Introduction
I’m currently using an AI coding assistant in my day job, and based on my experience, I wanted to test the tools available in this space. With the popularity of AI-powered development tools, several command-line interface (CLI) assistants have emerged to help developers work more efficiently. This post explores and compares the major players based on my hands-on testing.
This blog post is about using a specification for a specific non-trivial change and letting the assistant work out the best approach, rather than the incremental step-by-step prompting I typically use for smaller improvements.
How I Tested
I have been using step-by-step prompting - the small prompt by small prompt approach - to making changes and improvements to code, which has been a boost to productivity as I’ve been refactoring code and improving test coverage when previously I might not have due to time constraints.
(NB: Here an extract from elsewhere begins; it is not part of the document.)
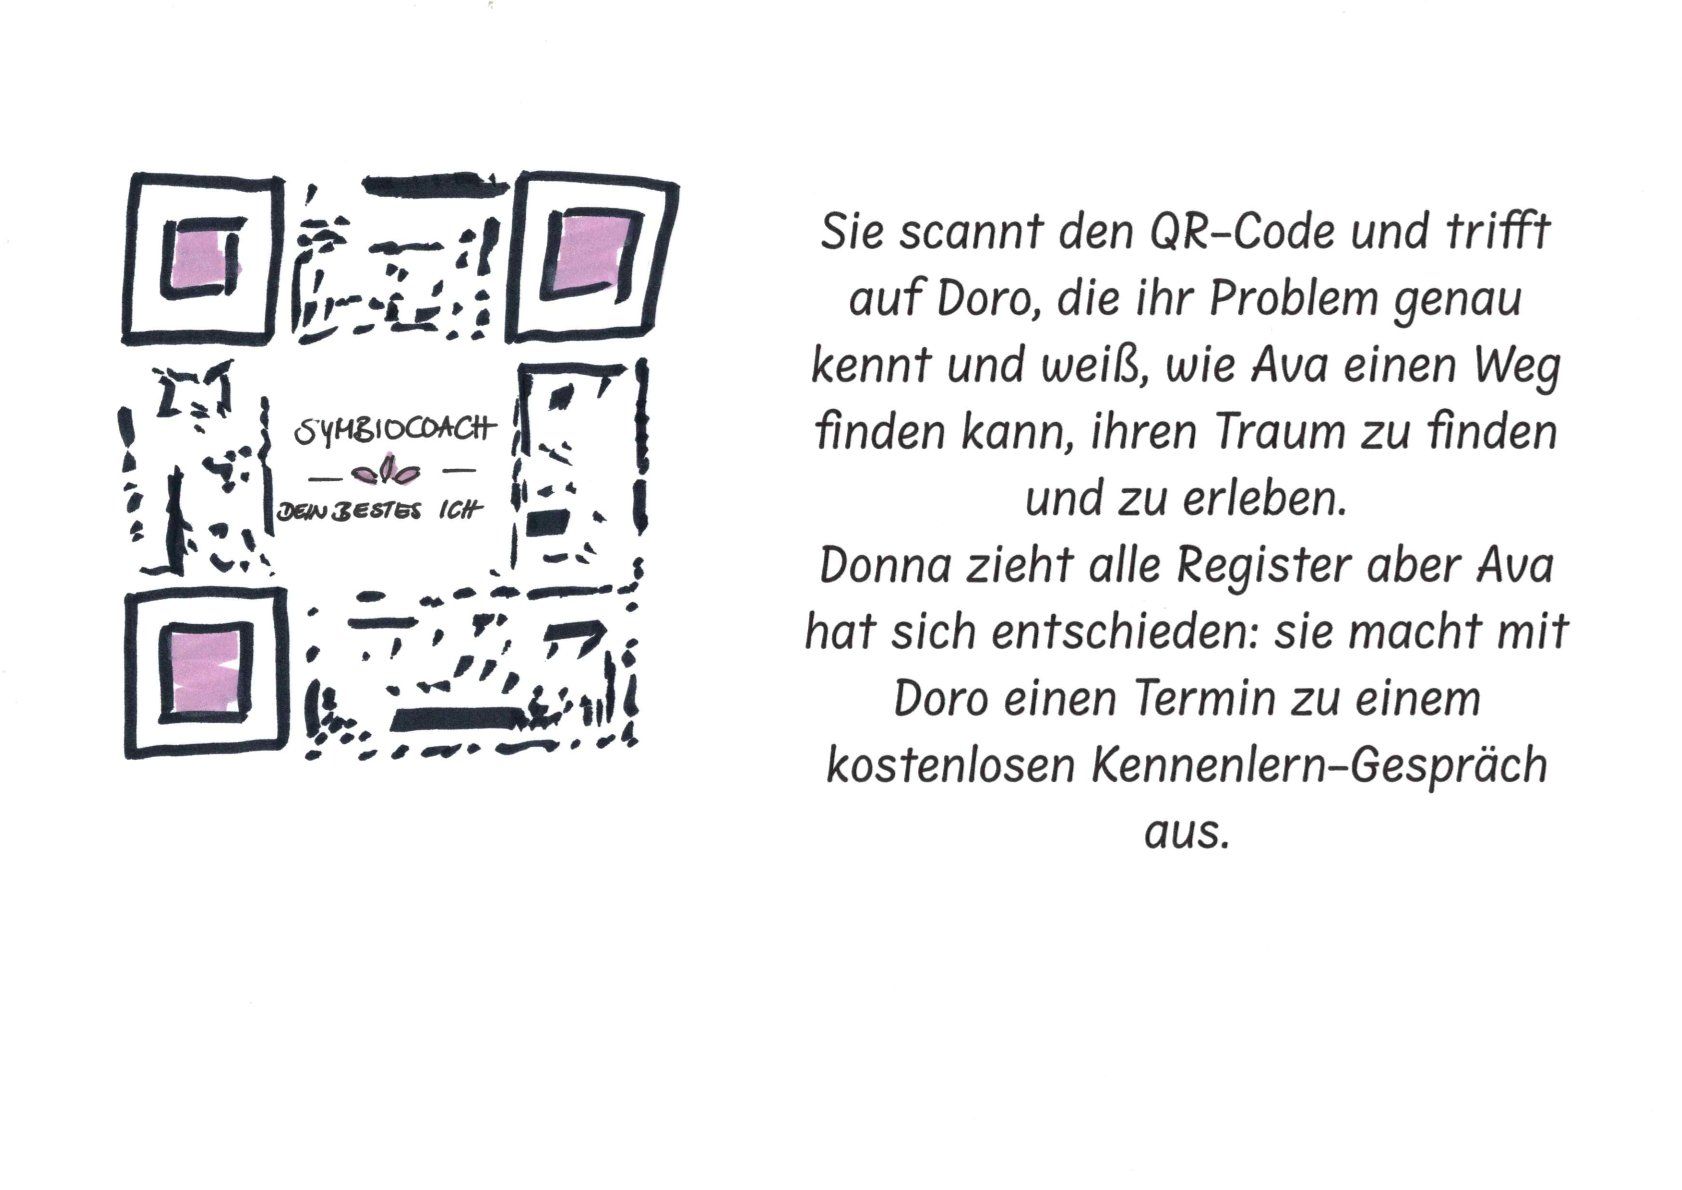 In der Anzeige ist ein QR Code abgebildet, den Ava scannt und auf die Website von Doro gelangt

However, for this test, I wanted to try a different approach.
I wanted to find a typical day-to-day coding task. Most days developers aren’t creating new applications from scratch - they’re more likely updating or extending existing apps. One of the things I needed to do recently was introduce a new class to centralize code related to user permissions. Code that checked what a User could do was scattered throughout the codebase and used a variety of techniques.
The long-term goal is to standardize on a preferred approach for representing the business logic, backing store used, etc. The interface for this new manager class was already designed so implementation simply involved migrating the existing code and then using the methods from the new manager throughout the codebase. The prerequisites were basic: code should compile, tests should pass.
The test was to update one of the classes where code could be migrated and, once I was happy with the first migration, to use a specification to migrate the code from the remaining classes.
Prompts and Specifications
I used the following sequence of prompts for each assistant:
1. Confirming the tool can find the required class
Look for a class called PermissionsManager
2. Testing the tool’s ability to find related classes
Now find which classes are using PermissionDecision
3. Assessing the tool’s understanding of the migration scope
The intention of PermissionManager is to replace all the various code snippets that check if a user can do something due to a lock being in place. The class is read only. The interface the class implements is complete and does not need altering. Give me a list of the remaining classes that could re-use methods already defined on PermissionManager or have code migrated to methods on PermissionManager.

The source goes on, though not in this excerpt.